Police thought it almost unbelievable that the woman would actually hop aboard a train with her own murder as her final destination, so they kept surveillance on Glass beginning Oct. 22, hoping to find some sign she was alive.

"He went to work every day, just kept up his routine," said Barlow, the detective. We watched him day and night and there was absolutely no sign of her."

On Oct. 25, police obtained their search warrant for Glass' home. They went through his belongings while he was at work, finding items, according to Barlow, that belonged to Lopatka.

One officer noticed newly turned dirt a short distance from the front door of the trailer. Barlow and another officer began digging. About 21/2 feet down, they hit a knee. They arrested Glass at work.

"The cause of death is consistent with strangulation," said Dr. John Butts, the chief medical examiner for North Carolina.

Sleuthing Usenet
Of all digital tools available to reporters, none are quite as rich as the Usenet Newsgroups, one of the Net's most popular features before there was a Web.

Over 20,000 of these forums are scattered on the Net, focused on every imaginable topic. These messages, from millions of users, can at times provide reporters with powerful insights about story subjects and situations.

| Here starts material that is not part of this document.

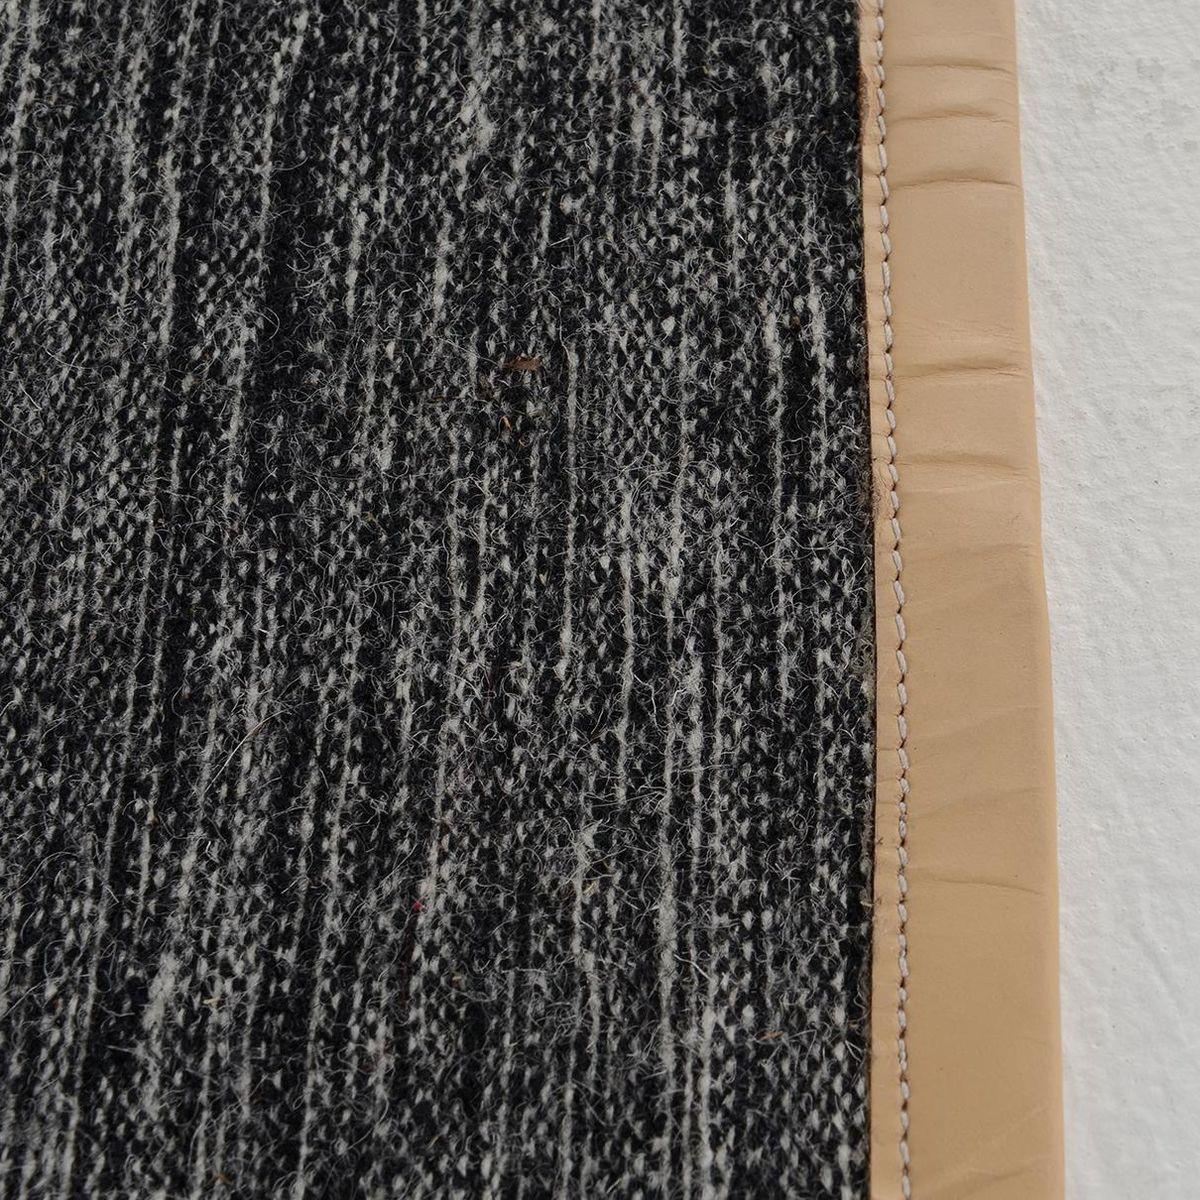 Bj rk teppich designhousestockholm lena bergstr m for Vitra design teppich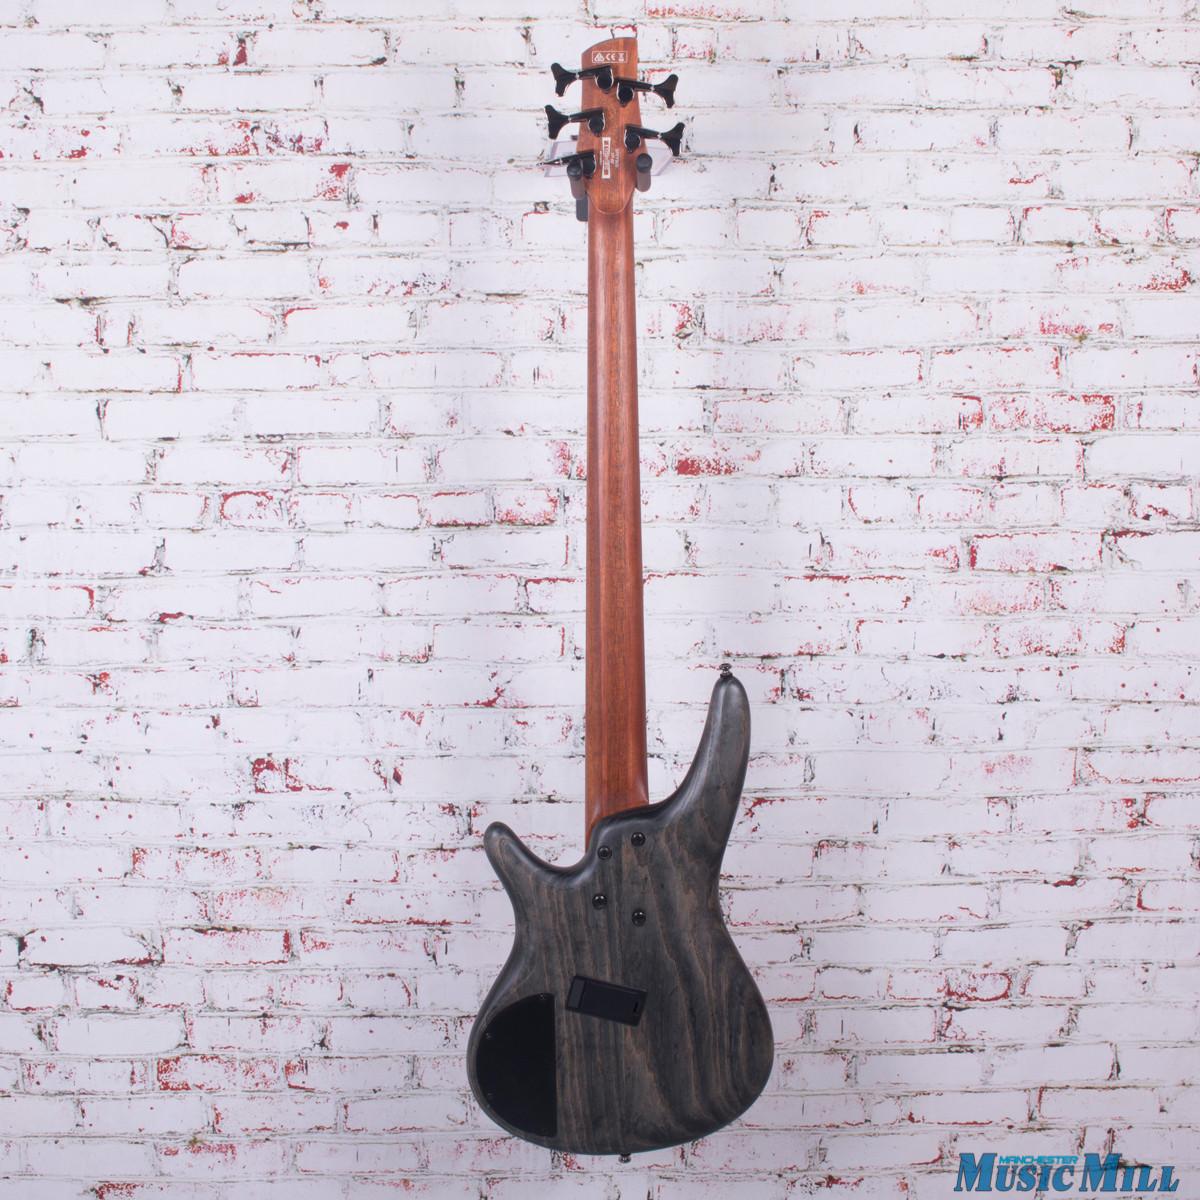 Ibanez SRFF805 Fanned Fret 5 String Bass Guitar

The Lopatka case is a perfect example. It first seemed like a sad but typical story of an unsuspecting woman sexually abused and killed by a ruthless predator. To create a portrait of the victim, the News & Observer conducted the usual interviews with friends and neighbors.

Knowing that Lopatka and Glass were active online, Brooke Cain, after consulting with Todd Richissin who was covering the story, conducted a series of searches. "I searched for a possible home page [for the victim] and didn't find one. I used a site called 'DejaNews' (www.dejanews.com)." DejaNews is a search engine that treats Usenet as if it were a single database.

The break came when Cain obtained the police request for a search warrant, which included Glass' and Lopatka's e-mail addresses. She then searched DejaNews on those addresses. In seconds she had a list of dozens of messages Lopatka had posted in sex-related newsgroups.

After verifying that "nancyc" aka Nancy Carlson was actually Lopatka, Richissin changed the story's angle in light of the new information.

"This shows how Internet resources can be used to add depth to a story in ways that would take much longer without the Net," said Randy Reddick, editor of FACSNET, an online journalist resource.

Editor & Publisher Interactive News
Jul 18, 1997

When Lopatka's body was dug up, her wrists were bound with rope, as were her ankles. She had scrapes on her breasts and neckline. And there was a rope around her neck.

... Police removed boxes filled with thousands of computer disks from Glass' trailer. They also removed bondage paraphernalia, drug paraphernalia, a pistol, magazines, cameras and videotapes along with Glass' computer, a Cybermax.

Lopatka's father-in-law, John Lopatka Jr., had little comment other than to say that the family has been shattered.

"Too much has come out already about this case," he said. "The respectful thing to do would be to leave us alone.... This is a tragedy, nothing more and nothing less."

AMONG LOPATKA'S FINAL MESSAGES posted on the Internet is a note addressed to people who had sent for the videos, failed to receive them and posted their own notes, calling the advertisements a fraud.

I'm just one person trying to fill all these orders," she wrote. "I don't even have time to HAVE A LIFE.

And elsewhere she posted this:

Let me customize your most exciting TORTURE fantasy for you ... on VHS ... to watch and enjoy privately in the comfort of your own home. A film designed by you ... with scenarios of your choice. Films are shipped in plain envelopes to protect your ... privacy.